# Exhaust Gasket Help



## Cmeyer9424 (May 5, 2020)

Hi I have a 69 gto with the 400 in it. It has aluminum edelbrock heads and hooker heads. I need to find some exhaust gaskets and have already tired Mr.Gasket 5921 and they weren’t even close to fitting. Thanks for any help!


----------



## coyote595 (Dec 4, 2019)

If your Edelbrock heads have the exhaust ports based on the Ram Air 4 configuration, you would need Mr Gasket p/n 7523. The 5921s are for D port heads. On the RA4 style heads, the center two exhaust ports are spaced farther apart.


----------



## Cmeyer9424 (May 5, 2020)

I’m not sure which style it is. When I had the header detached the ports looked to be circular. Here’s a picture of the heads and headers. Not sure if this will help


----------



## coyote595 (Dec 4, 2019)

Those heads appear to be the Edelbrocks with the Ram Air IV style exhaust ports. You need the gasket I mentioned above, or a competitor's equivalent. RA4 heads have large round exhaust ports.


----------



## Cmeyer9424 (May 5, 2020)

coyote595 said:


> Those heads appear to be the Edelbrocks with the Ram Air IV style exhaust ports. You need the gasket I mentioned above, or a competitor's equivalent. RA4 heads have large round exhaust ports.

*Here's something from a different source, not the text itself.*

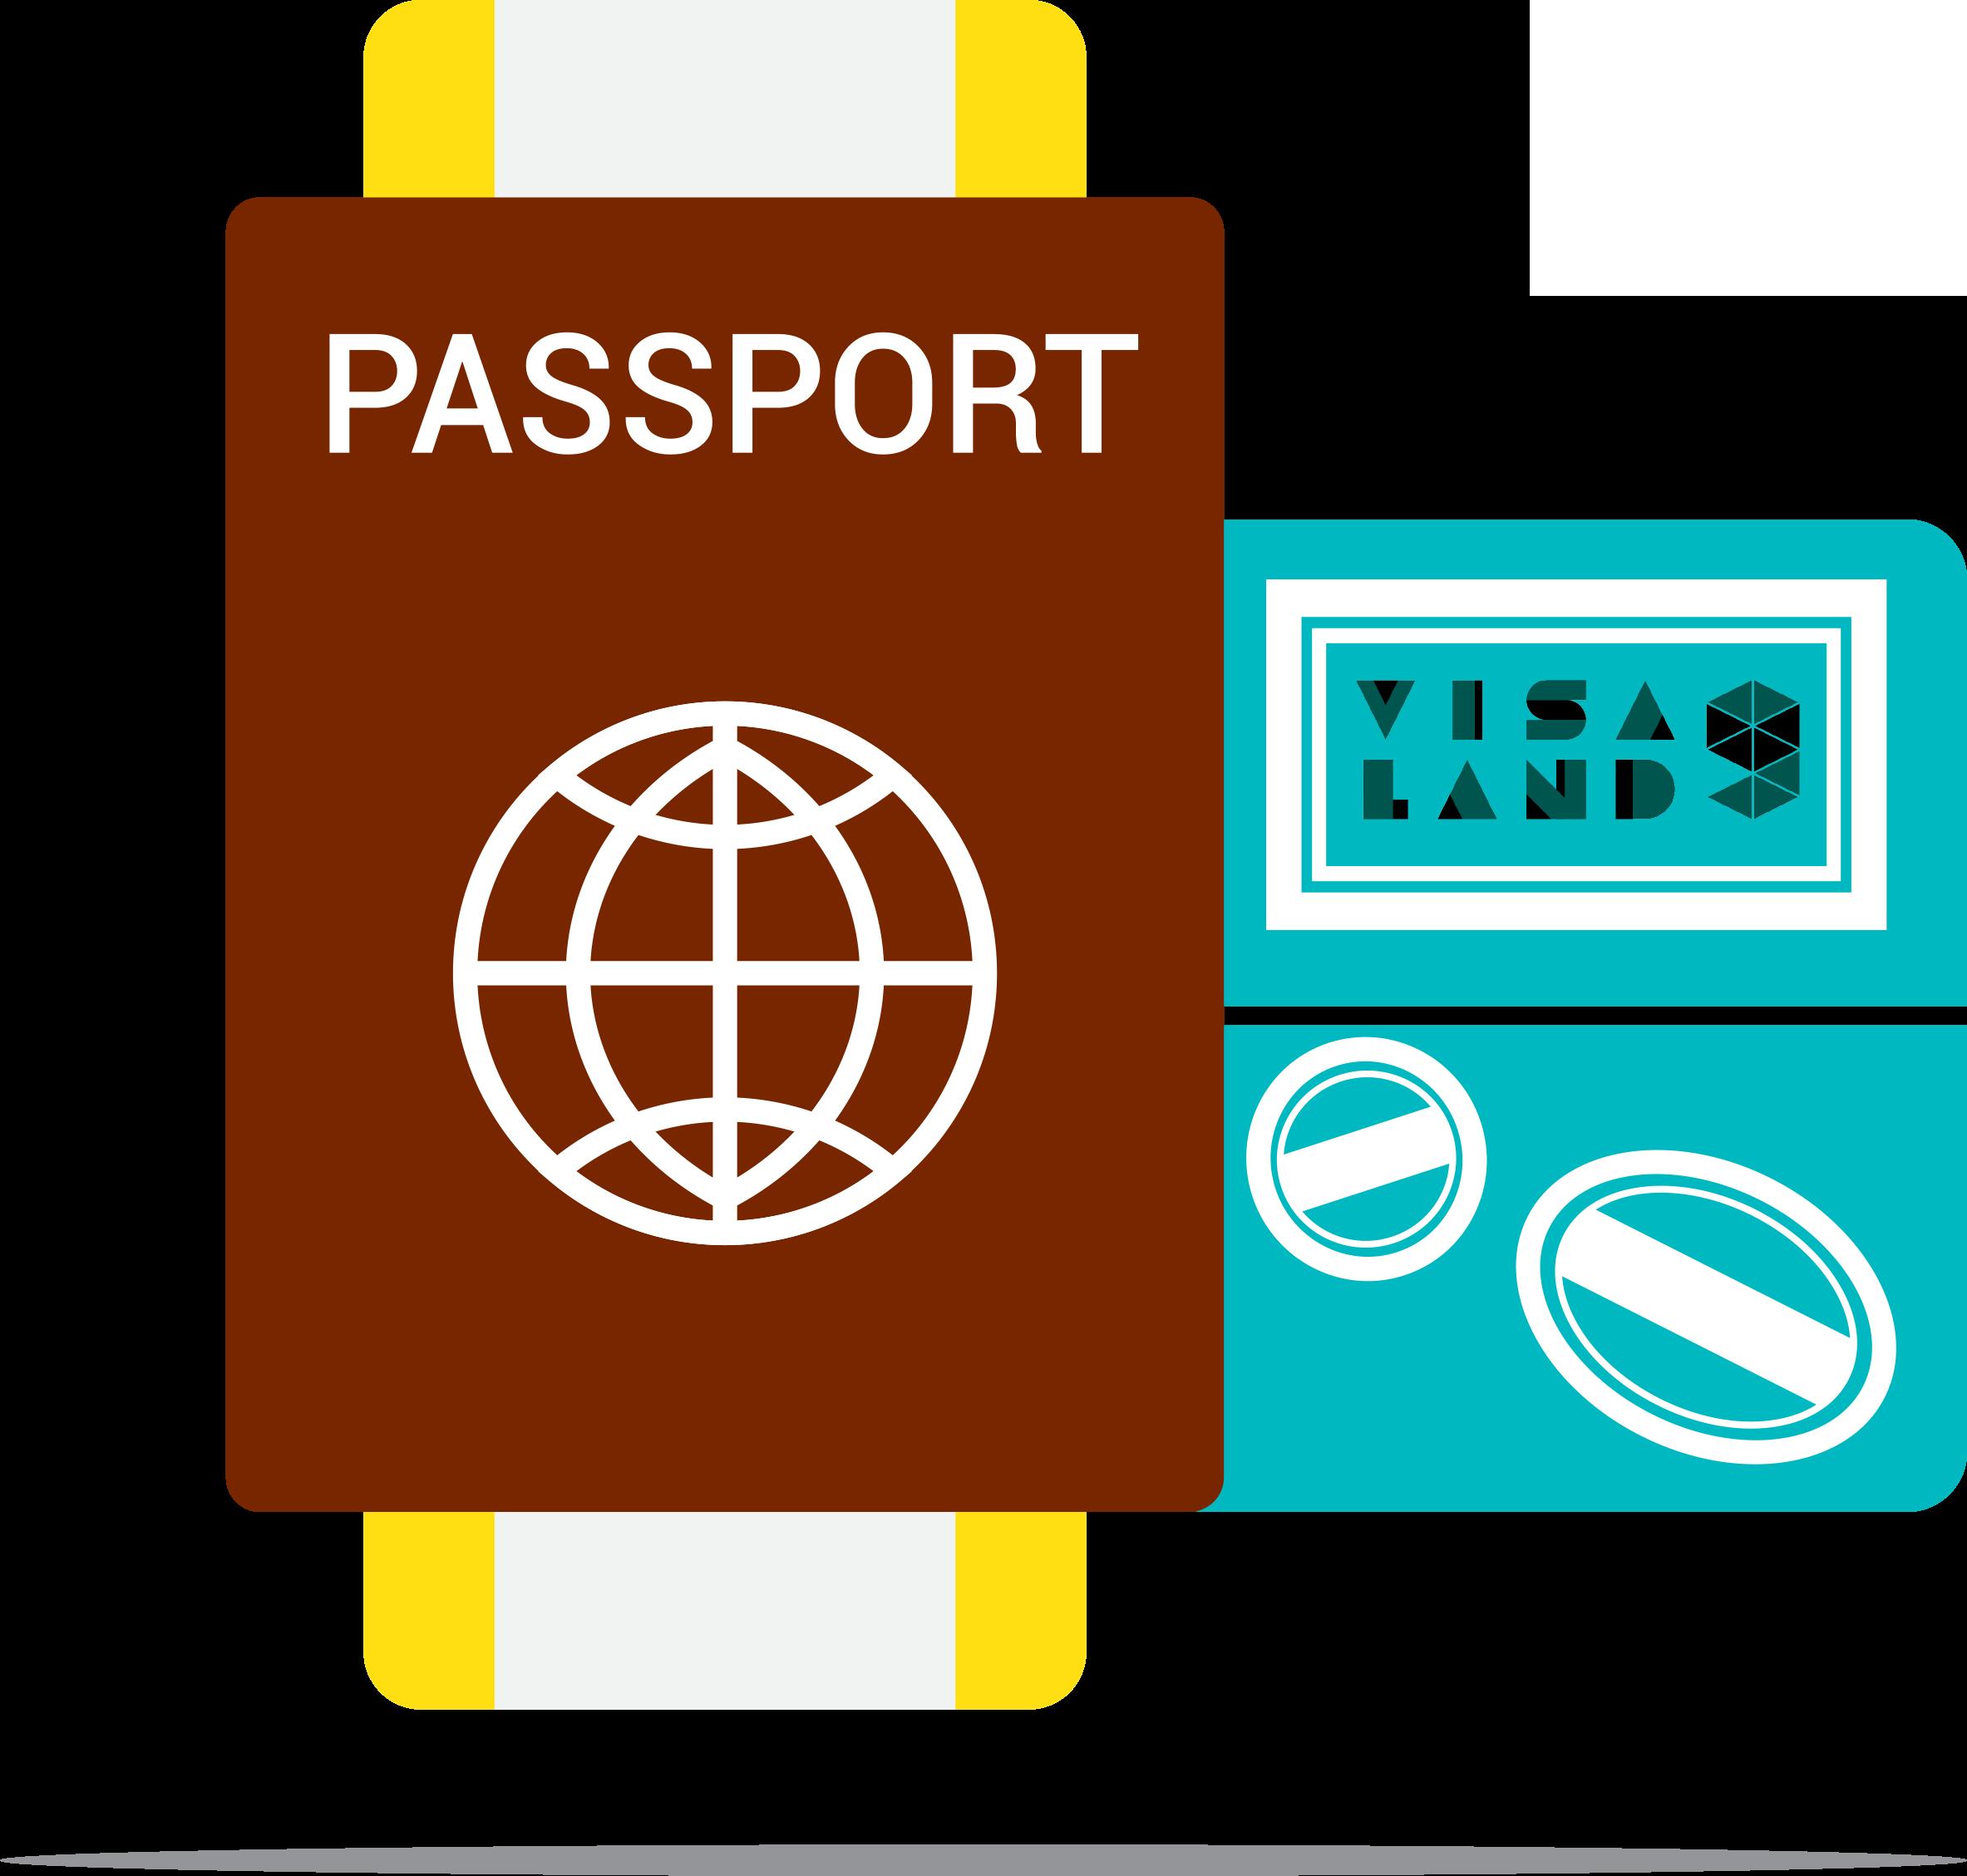 پاسپورت چیست؟

Thanks! I’m ordering some now


----------



## coyote595 (Dec 4, 2019)

Hope you have better luck than I did getting those Hooker headers to seal. I had Hooker Super Competition headers mated up to Pontiac RA4 heads and the Hooker header flanges were not machined well at all. They leaked right off the bat. I had to stack two gaskets per side and tighten the piss out of them. They would last a lot longer that way, but would still eventually fail. That was back in 1983, so hopefully Hookers quality has gotten better since then. Let us know how it works out.


----------



## coyote595 (Dec 4, 2019)

Here you can see the difference between the RA4 round port heads and the much more common Pontiac D port head.


----------



## Cmeyer9424 (May 5, 2020)

That’s does sound like a pain! I had the hardest time getting the old gasket off. It was like some kind of paper composite. At least I’ll know that if they leak to just stack another on top. The middle bolt on the driver side towards the back is insane in how it basically backs out into the exhaust tube. 
Do they make something that gets the gasket off easier? And do you think it’s fine to leave the header just hanging while I wait for the new gasket? I don’t know if it being exposed to the air if moisture would get in there.


----------



## coyote595 (Dec 4, 2019)

Yeah that one bolt is a real pain. I had to "customize" an open end wrench just so I could get in there better to tighten it. It is a really tight area to get in there and clean up the gasket surfaces. Also, since the Edelbrock heads are soft aluminum, you have to be careful not to gouge up the gasket surface when cleaning. If it was an iron head, you could scrape it with a utility knife blade to clean it up. They do make gasket softening spray. I have never used it. You should be fine leaving it hanging apart unless the car is outside and a hurricane rolls in.


----------



## Cmeyer9424 (May 5, 2020)

Yeah I was about 2 seconds away from grinding on my wrench and the bolt went in. It would be nice if the gasket came with a slot for that bolt as well like it has for the two end ones. Could you just notch it? If the gasket still seals around the exhaust port I would like to think it would still seal correctly


----------



## coyote595 (Dec 4, 2019)

I would think you could notch it as long as you do not compromise the sealing surface.


----------